The first gene therapy for cancer, approved by the Food Drug Administration in August, will transform the treatment of a particular kind of cancer in children and young adults. It's transformative because it uses a patient's own immune cells to attack the cancer cells. The hope is that this is just the first of many other drugs capable of harnessing a patient's immune system.
However, this therapy, called Kymriah (tisagenlecleucel), and similar ones in the pipeline raise difficult challenges for policy-makers. "Safety, access and cost-we have to figure all that out if everyone is going to benefit," says Karen Maschke, the first author.
Maschke, Michael Gusmano, and Hastings Center president Mildred Solomon describe the breakthrough, evaluate the challenges, and make recommendations in the October issue of Health Affairs.
The new therapy was developed by Novartis to treat children and young adults with relapsed or refractory B-cell precursor acute lymphoblastic leukemia (ALL). Called chimeric antigen receptor (CAR) T cell treatment, it works by genetically reengineering a patient's T cells, white blood cells in the immune system. The altered T cells are then infused into the patient to attack the cancer cells.
Clinical trials by Novartis found that 52 out of 63 patients were in remission three months after receiving a one-time infusion. However, the therapy also has life-threatening neurological and other side effects experienced by 76 percent of patients, and it increases the risk of patients developing secondary cancers.
The authors point out that as CAR T cell cancer treatments continue to be tested in clinical trials before obtaining FDA approval, "the FDA and Institutional Review Boards (IRBs) with oversight over human subjects research must carefully scrutinize [the risk benefit profile] to determine whether the potential benefits of the investigational treatment justifies permitting cancer patients to enroll in a study."
They also recommend that IRBs make sure that all consent forms clearly state the possibility of adverse effects and that the FDA conduct post-licensing monitoring of adverse events that patients experience. The agency is requiring Novartis to conduct a postmarketing study of the safety and efficacy of Kymriah. "However, it is an open question whether the FDA, under the administration of President Donald Trump, will withdraw licensing approval from breakthrough therapy products whose clinical use over time indicates that they are ineffective or harmful to patients," they write.
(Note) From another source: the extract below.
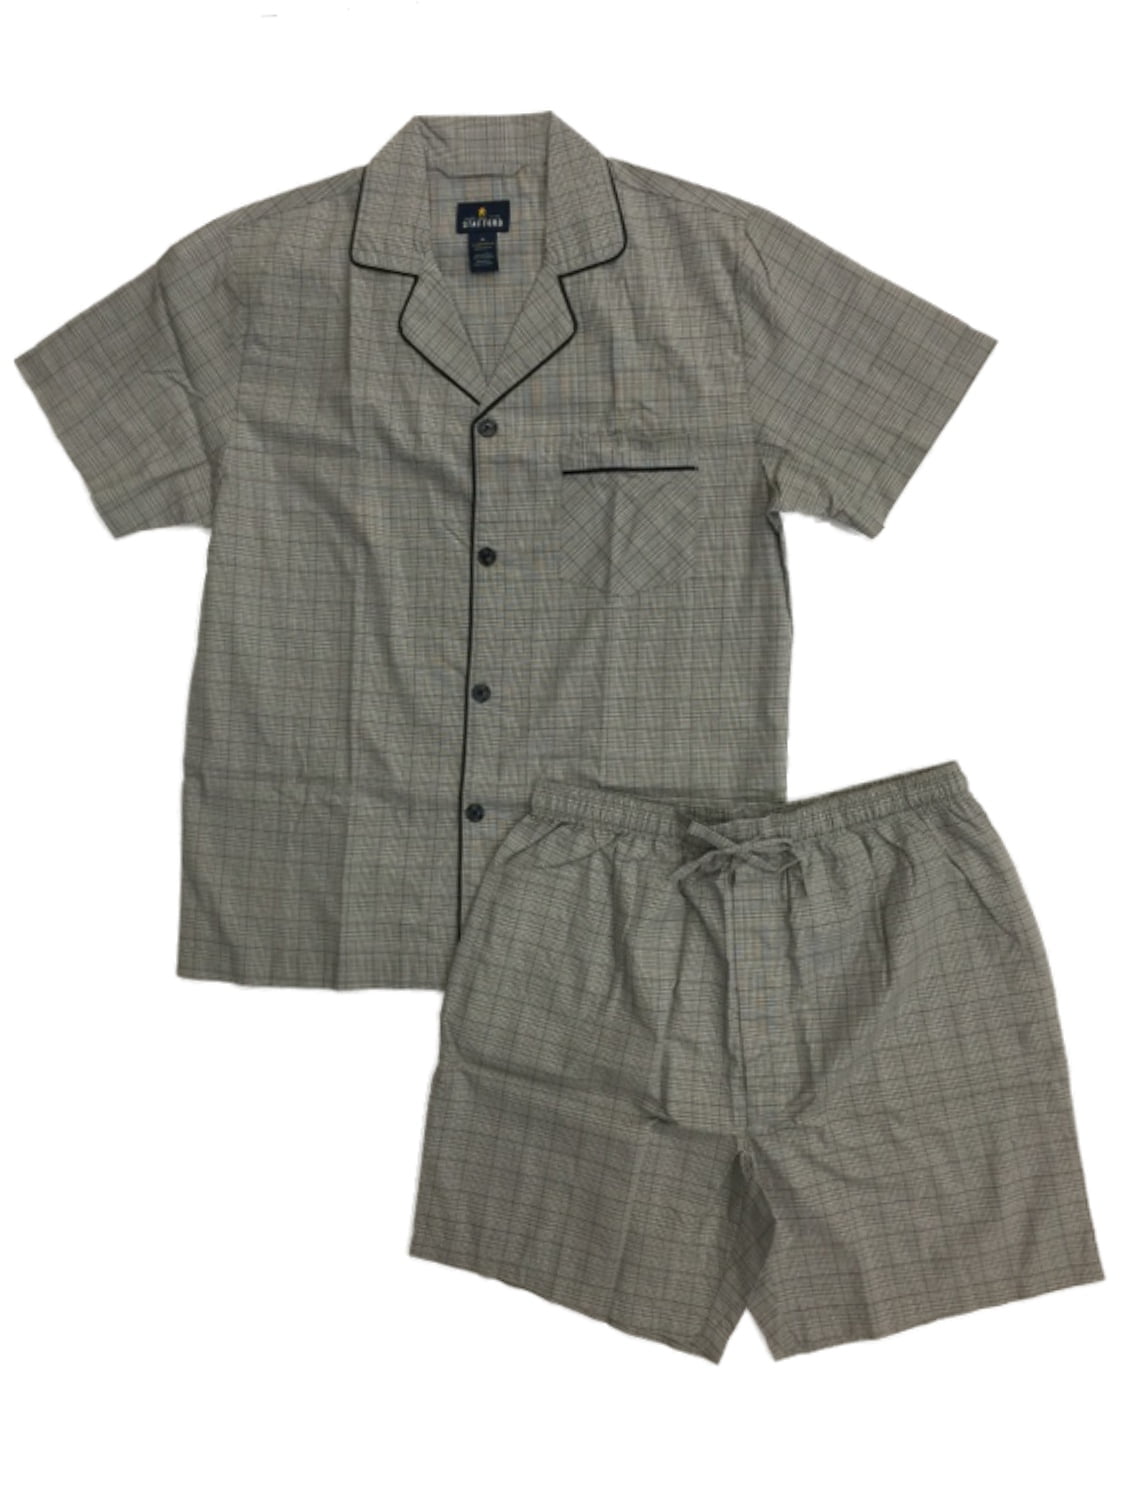 S-5XL 3 COLORS Hanes Men's Short Sleeve Pajama Set w/Woven Knit Pants

The authors raise concerns that many patients who could benefit from the therapy will not have access to it-at least not for a while. That is because the highly specialized skill needed to genetically reengineer the patients' T cells, administer the infusion, and treat the serious side effects are in short supply. Kymriah will be available at certified treatment centers in only 16 states, all but four with just one treatment site. "Having fewer sites with highly trained clinical staff treating very sick patients is often optimal for ensuring high-quality delivery of complex treatments, but at least at first there will be a serious access challenge," they write.
"Even if the problem of limited availability can be solved, the cost of treatment still raises important questions of justice," the article explains. Kymriah will cost $475,000 for a one-time infusion, and FDA approval of a therapy does not guarantee that insurers will cover it.
"If CAR T cell therapies prove as safe and effective as other recent breakthrough treatments, the benefits will be tremendous, and demand will be high," the authors write. "However as has been the case with other recent beneficial but high-price drugs, CAR T cell therapies may lead to higher health care costs, highly limited access, and even greater inequalities in access and health outcomes. For the public to benefit from breakthrough treatments without breaking Americans' health care system or pocketbooks, ethics and wise policy making need to catch up to the science."